HERBERT: Fears remain the vessel could break in two and spew more oil into the ocean, though Maritime New Zealand says the big crack in the ship's hull doesn't appear to have gotten worse.

Though the size of the problem for Costamare, the company that owns the ship, is growing.

For the first time since the Rena crashed, its managing director Diamantis Manos has spoken publicly.

He issued this statement by video release late today.

MANOS: Obviously something went very wrong, and we will corporate with the Transport Accident Investigation Commission of New Zealand, TAIC, to find answer.

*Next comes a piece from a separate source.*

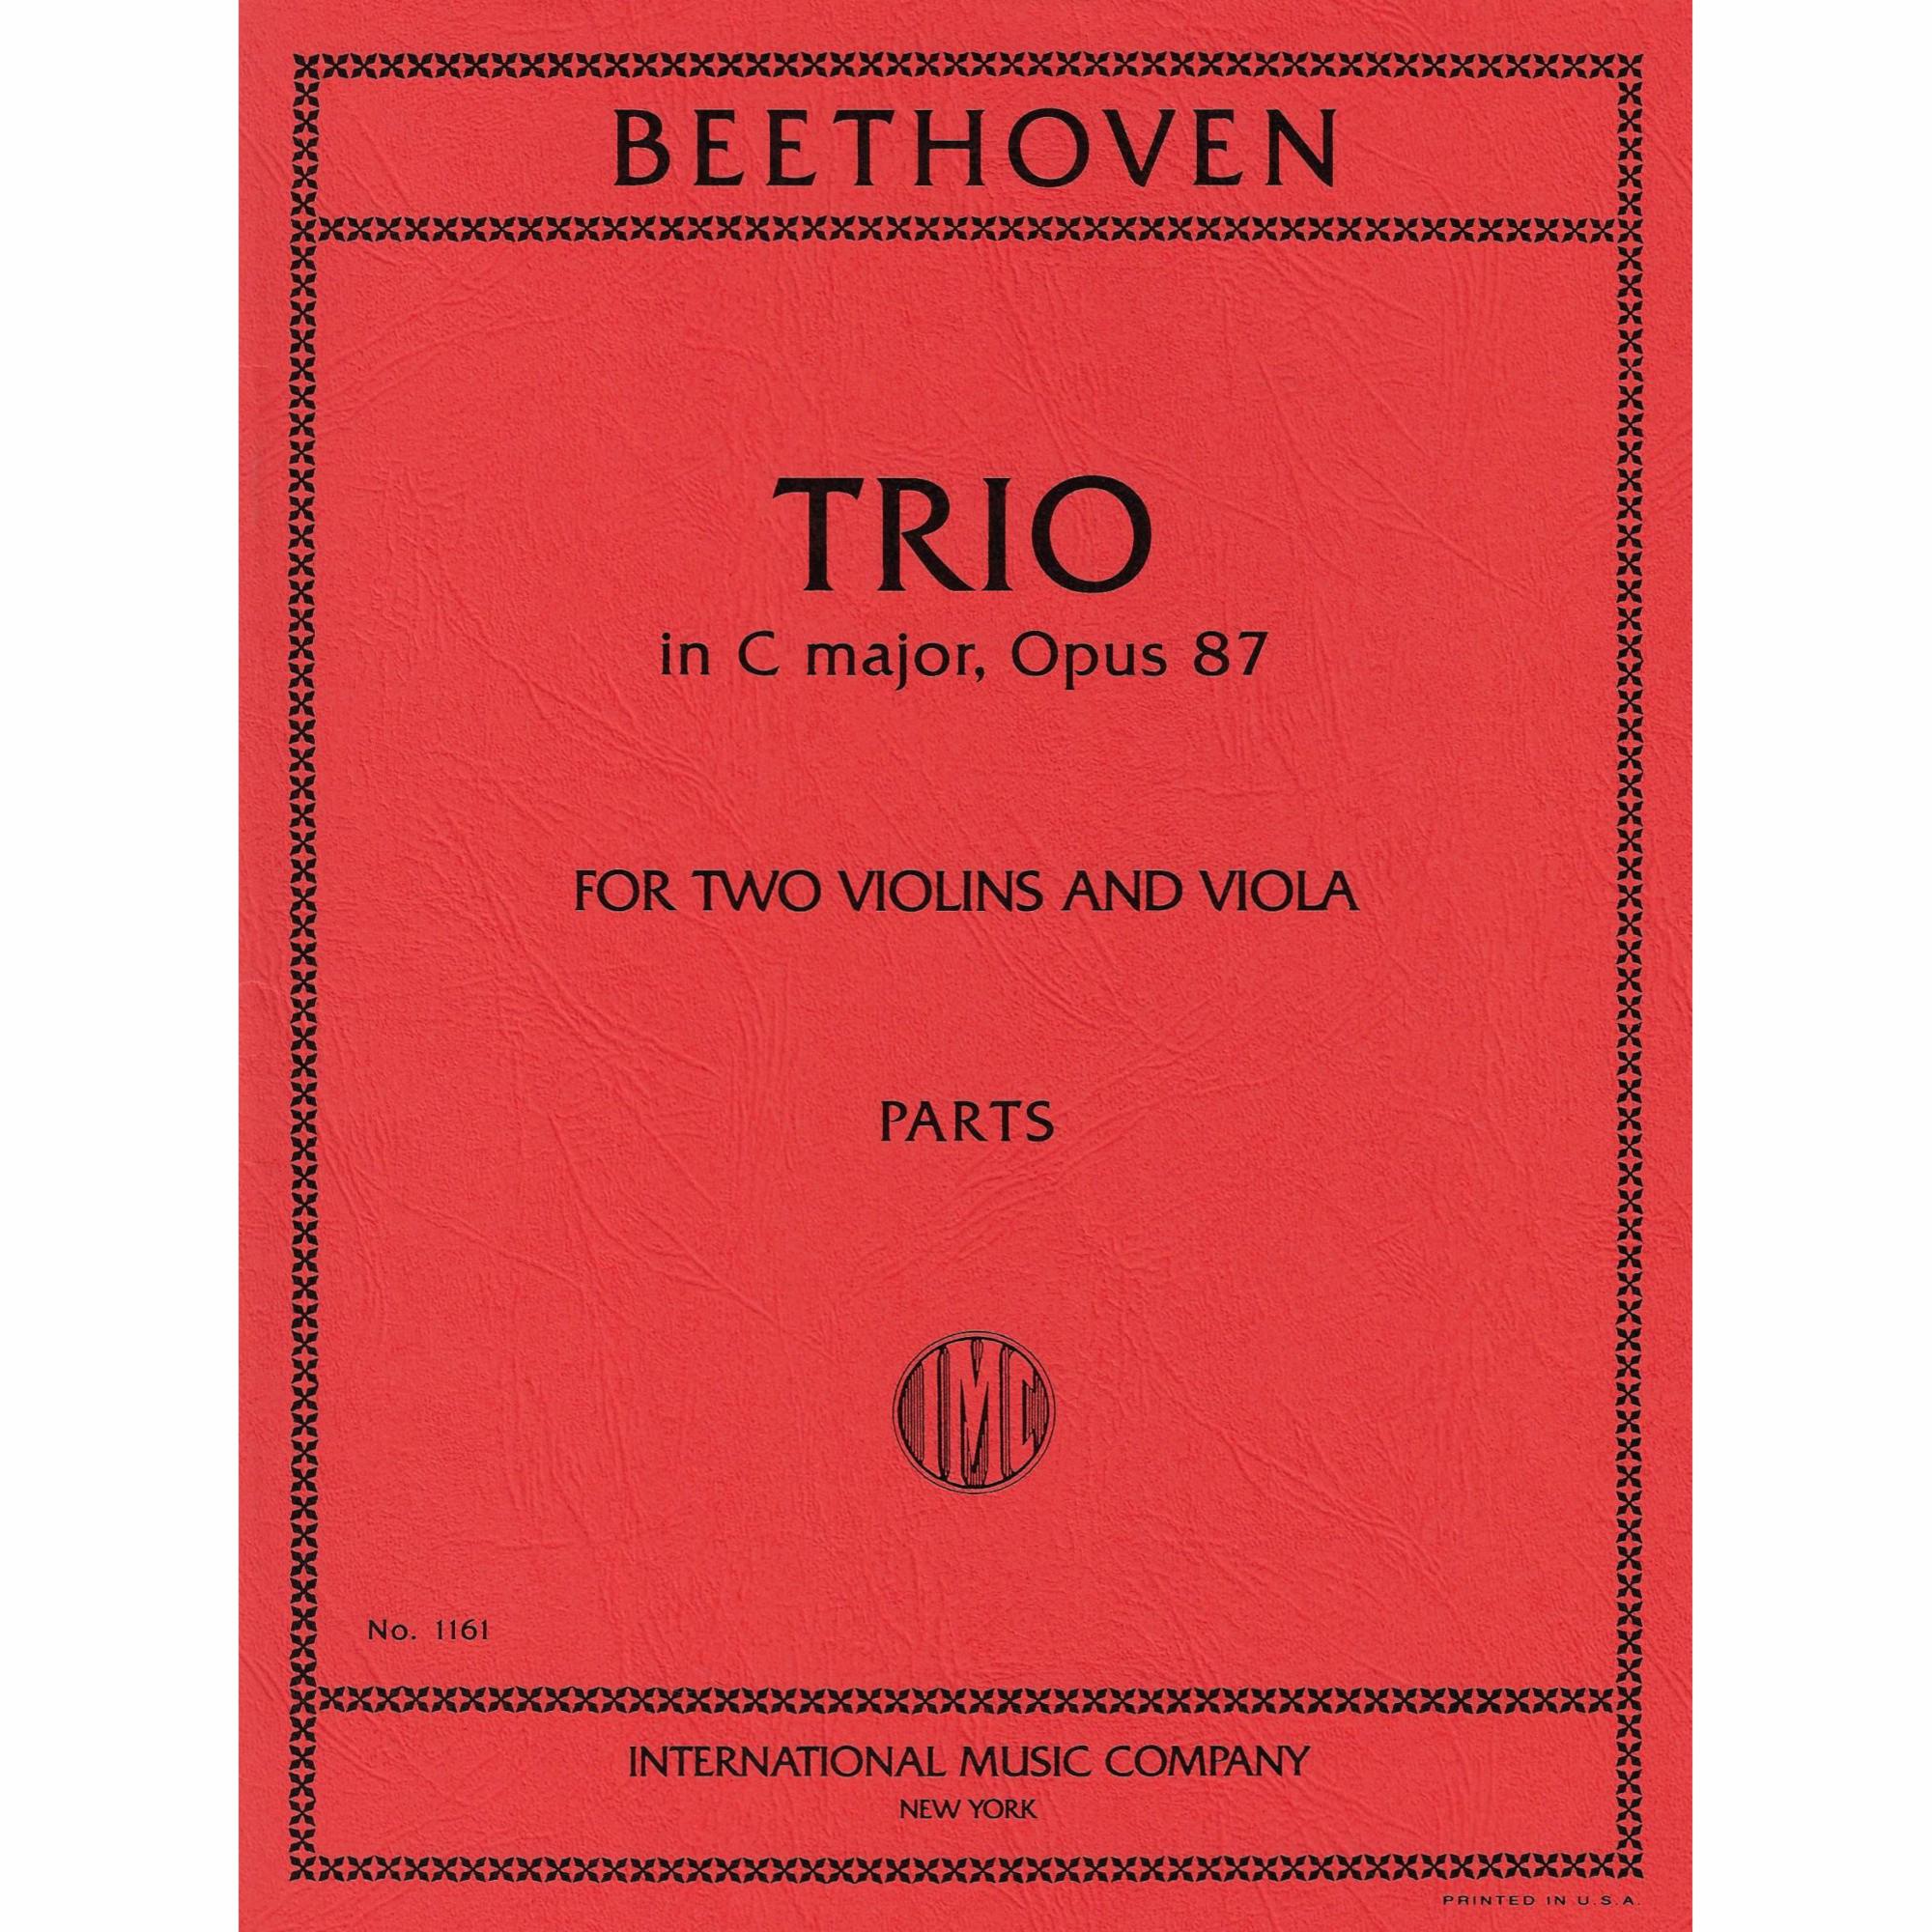 Beethoven -- Trio in C Major, Op. 87 for Two Violins and Viola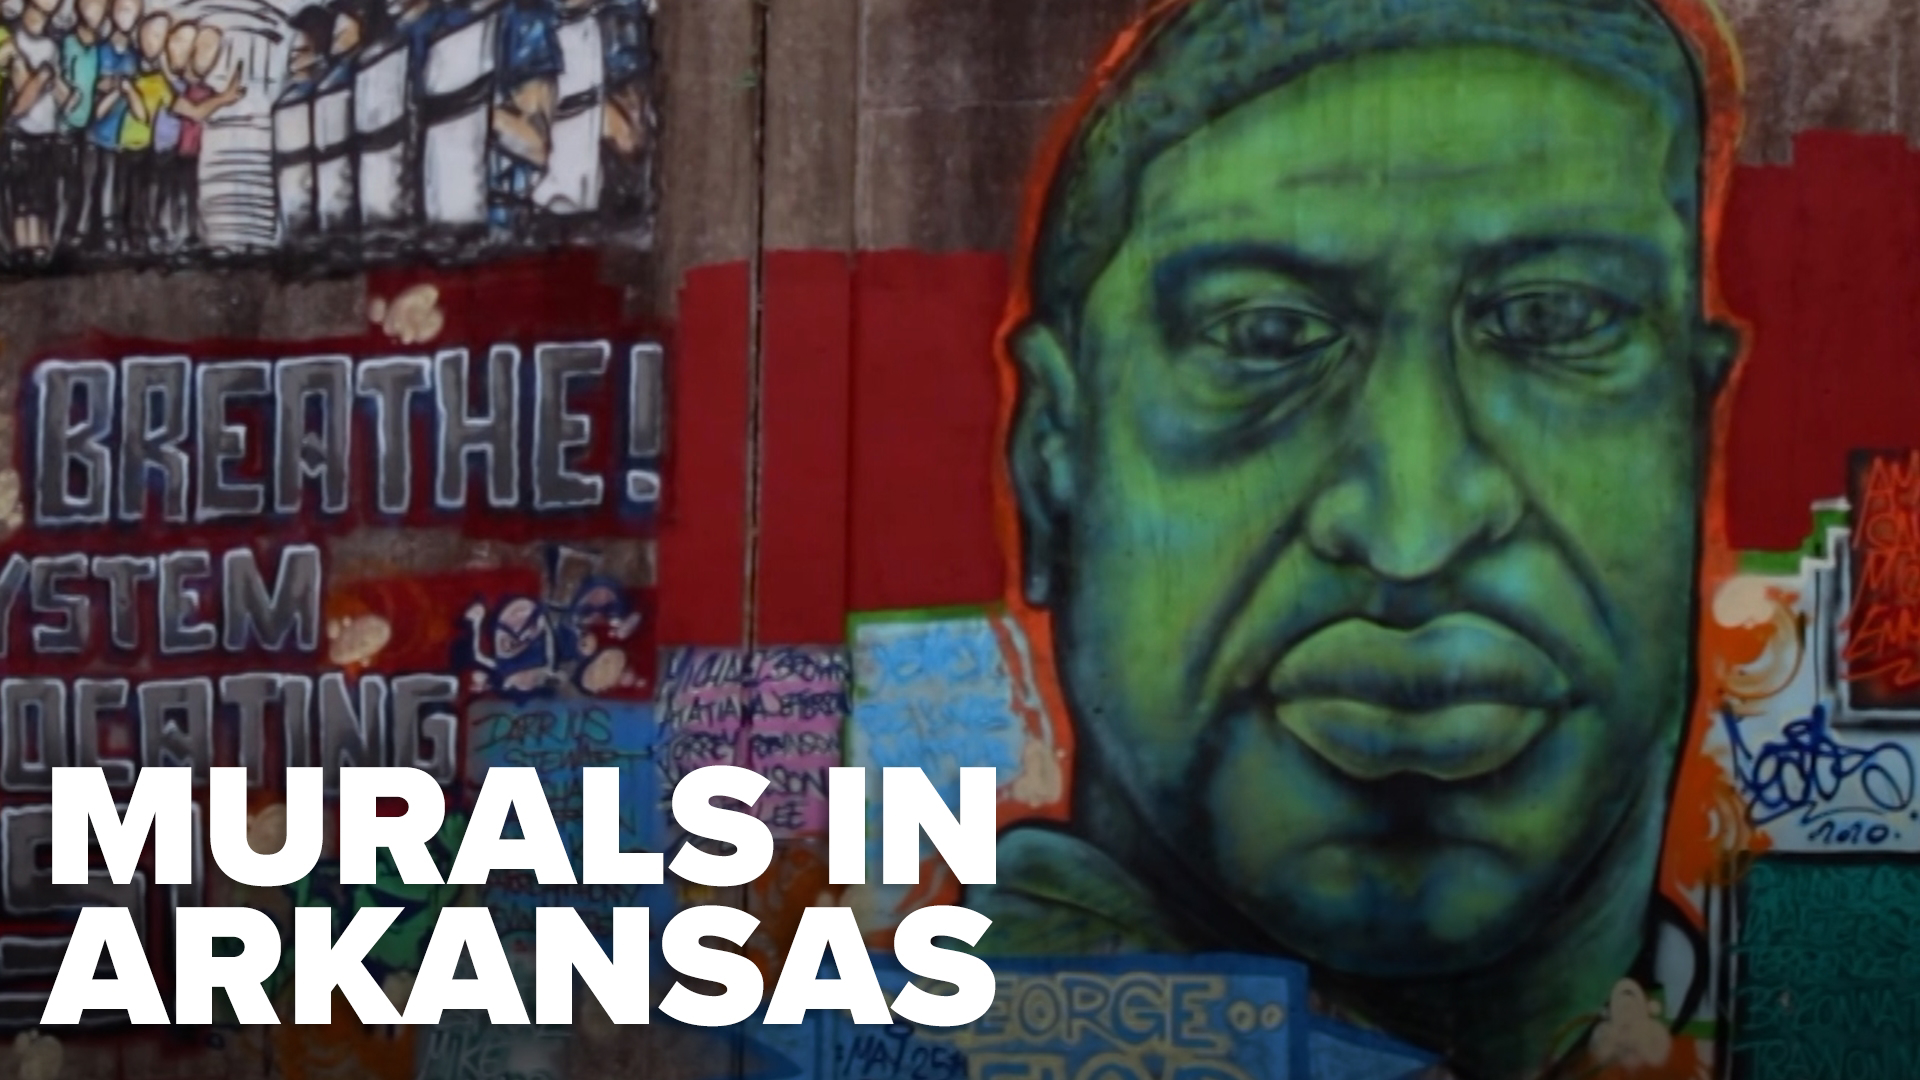 In 2019 and 2020, Craig O'Neill went around Arkansas to look at all the beautiful murals that have popped up towns big and small.

However, to the people of Tauranga, we want to say that we are deeply sorry for the situation that has arisen and the threat you are now facing from fuel oil from the vessel washing up on the beaches on your beautiful part of the world.

HERBERT: Australian teams have also pitched in to assist.

Patrick Quirk is the general manager of Maritime Safety Queensland.

QUIRK: We've been through similar occasions in our recent past, Shen Neng, Pacific Adventurer, particularly on Morton Island and the Sunshine Coast beaches.

The Australian Maritime Safety Authority, who's our national agency on these matters, asked for assistance last weekend and we've certainly provided a number of staff who are currently in New Zealand. We have some flying over today and we have another tranche of people gearing up to go early next week.

HERBERT: Already 88 containers have fallen from the ship, how concerning is it?

QUIRK: Well I think New Zealand's got a double problem there. Our instances in Queensland have primarily been issues of ship incidents, salvage and oil pollution. New Zealanders are facing the fourth tranche of a container ship with, what, 2,500, 3,000 containers on board, some of them containing hazardous material. They are facing a major problem.

From what I can see, from what I understand talking to people over there, since day one, anything that could go wrong has gone wrong with that incident. But we can understand the dramas they're going through over there but there is no magic wand, there is no silver bullet. Once that oil is in the water, it's a long process to clean up.

HERBERT: So the key is in making sure less oil ends up in the ocean?

QUIRK: Well I think the way the vessel's cracking I think they'll be sort of lucky to manage how much comes out; I think that sort of time has passed. The issue is now is how they're going to confront the oil that's in the water and what could possible come ashore on the beaches.

HERBERT: Meanwhile the navigator of the Rena has appeared in the Tauranga District Court facing charges in relation to his role in the grounding of the ship.

It follows a similar appearance by his captain in the same court yesterday.